Han froze in his tracks.

"What's that?"

Chewie stopped and cocked his head, and then looked up with a growing feeling of apprehension. He could hear something overhead, he realized-a rising scream. It was accompanied by a rumbling sound, some gargantuan, many-legged thing plodding heavily directly above the durasteel-paneled ceiling.

Han pointed in the direction they were headed. "It's coming from that way."

Chewbacca saw the boy's mouth fall open in shock. The lights started shaking and the Wookiee heard the creak and pop of metal overtaxed with the weight of whatever was approaching.

"Get back, kid," Han said, pushing Trig aside as he aimed the blaster up. "I think it's gonna…"

The ceiling buckled, twisted, and split open. Through the hole Chewbacca glimpsed a solid mass of dark-eyed faces, arms and legs already trying to push through.
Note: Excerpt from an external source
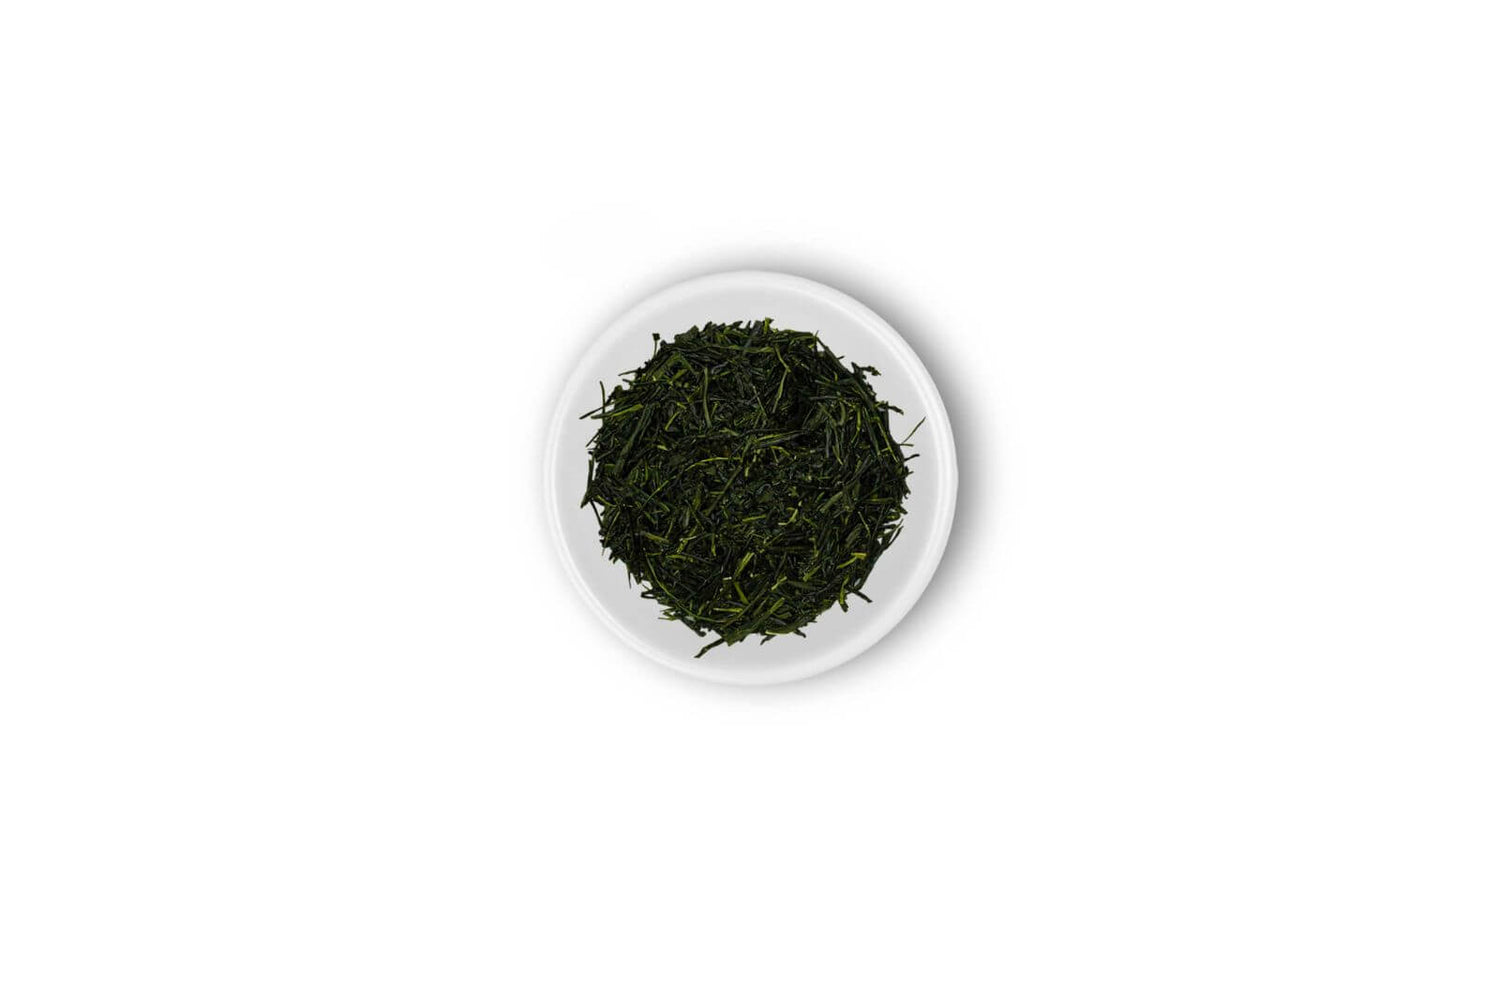 kabuse sencha tea leafs
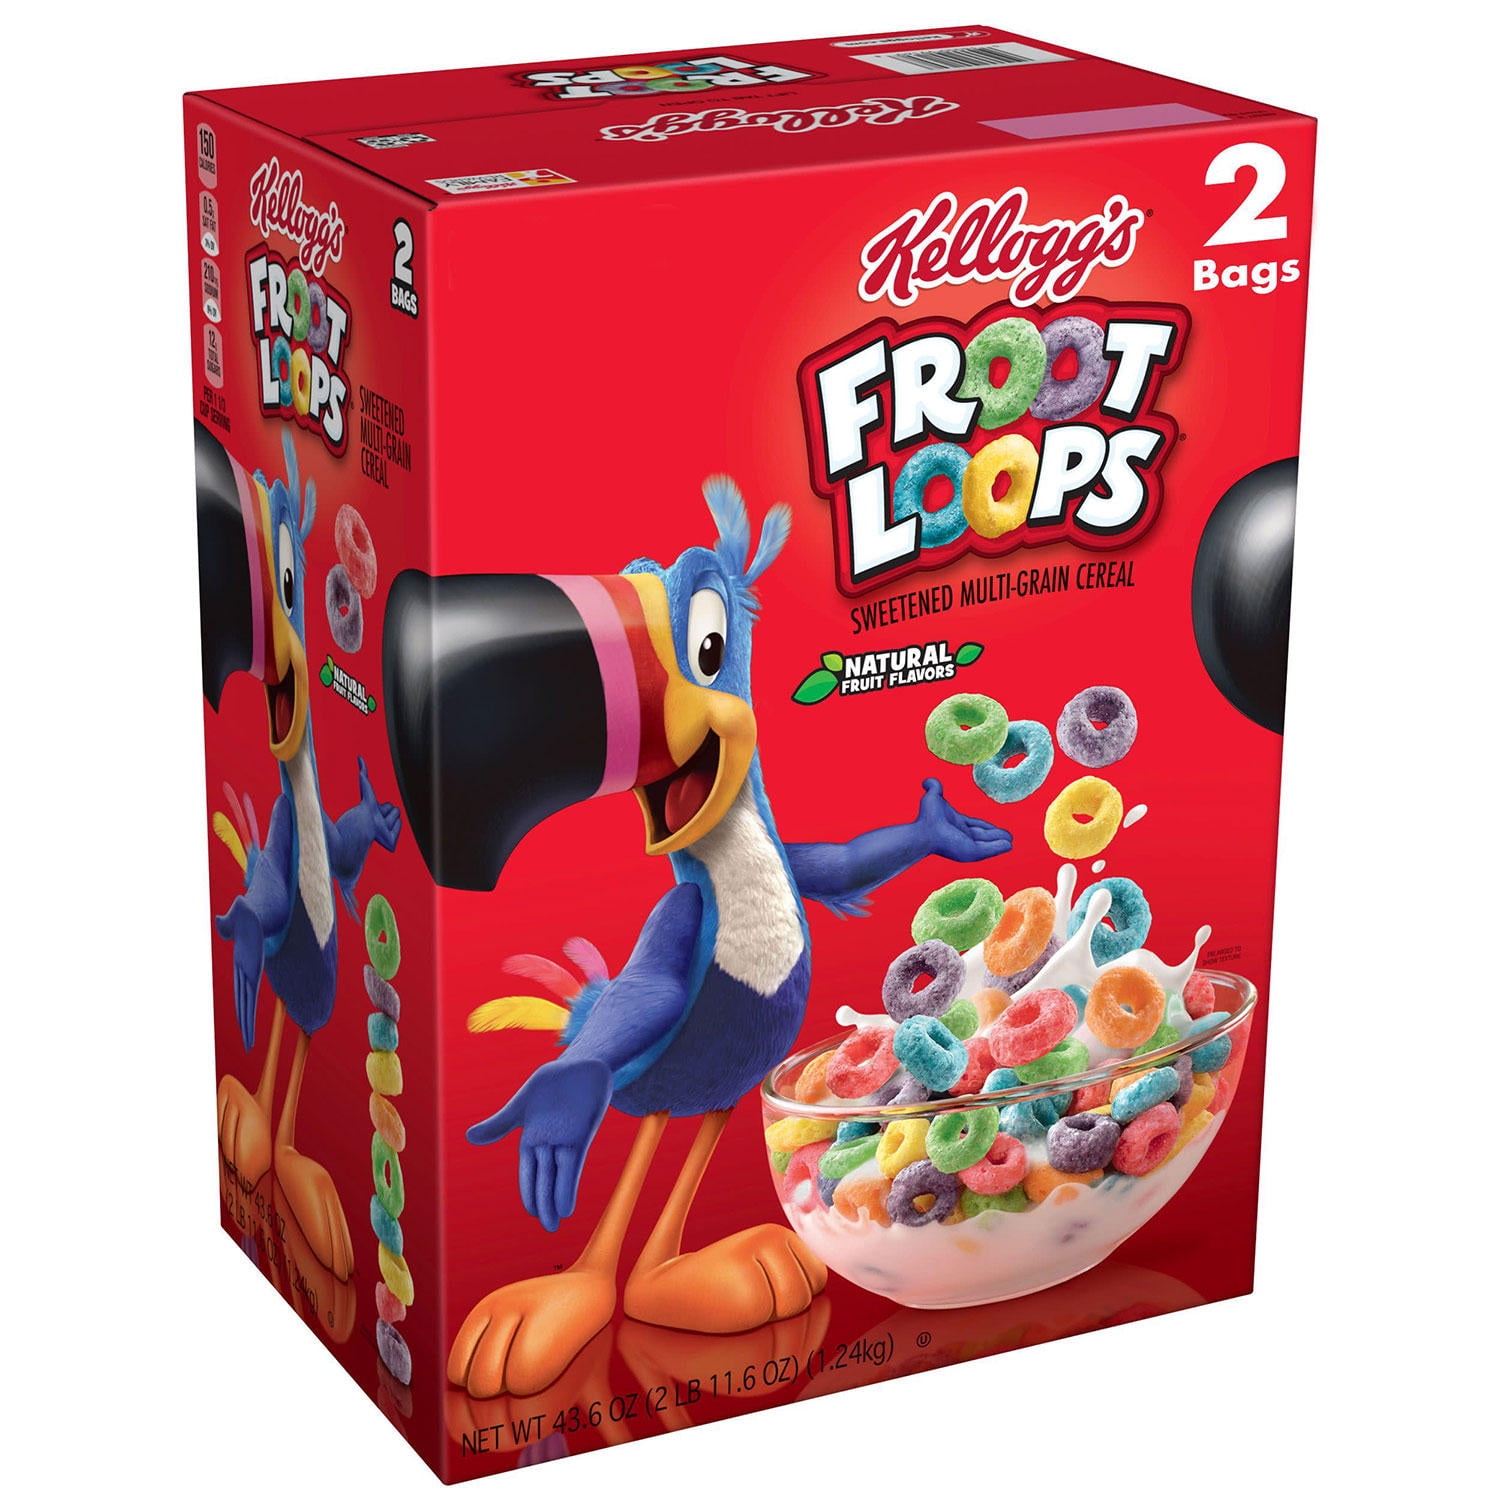 Branded Kellogg's Froot Loops Breakfast Cereal, Assorted Flavor 43.6 oz ...

Some wore Imperial uniforms; others were dressed in stormtrooper armor, a leg piece here, a shoulder piece there, or wearing broken helmets. Only then did he get a true sense of how many there were up there, perhaps hundreds, maybe more-an entire army of the dead. They were reaching down for him.

Reaching down for the boy.

Chewie wasn't sure who fired first. One of them, he or Han, or maybe both of them at the same time, squeezed off a round of blaster-fire into the tangled mass of squirming bodies. After that it didn't matter: some vital piece of infrastructure inside the ceiling gave a sharp pop.

It was as if a hole had been torn open between the worlds of the living and the dead. Bodies came spilling down in front of them, an avalanche of stinking yellow flesh and broken armor, grasping hands and shrieking mouths. Some of them landed on their feet; others hit the ground with all fours and stayed that way like animals, grinning up at them, baring their teeth. Their eyes were flat and lifeless and hideously hungry.

"Get behind me!" Han shouted.

Trig didn't move-paralyzed, Chewbacca thought, grabbing Trig by the arm and yanking him around behind him as he and Han turned and opened fire.

The dead things recoiled as if they hadn't expected blasters. Chewie sprayed them point-blank, watching stormtrooper helmets explode and burst to reveal swollen, half-decayed faces whose only expression was a kind of cheated rage. Next to him, Han was shouting something, but Chewbacca couldn't hear it over the blasters. The corridor in front of them was filling with smoke. Distantly, from what felt like the other side of space, he could feel Trig gripping him tightly, the boy's fingers digging into his arm, clinging for dear life.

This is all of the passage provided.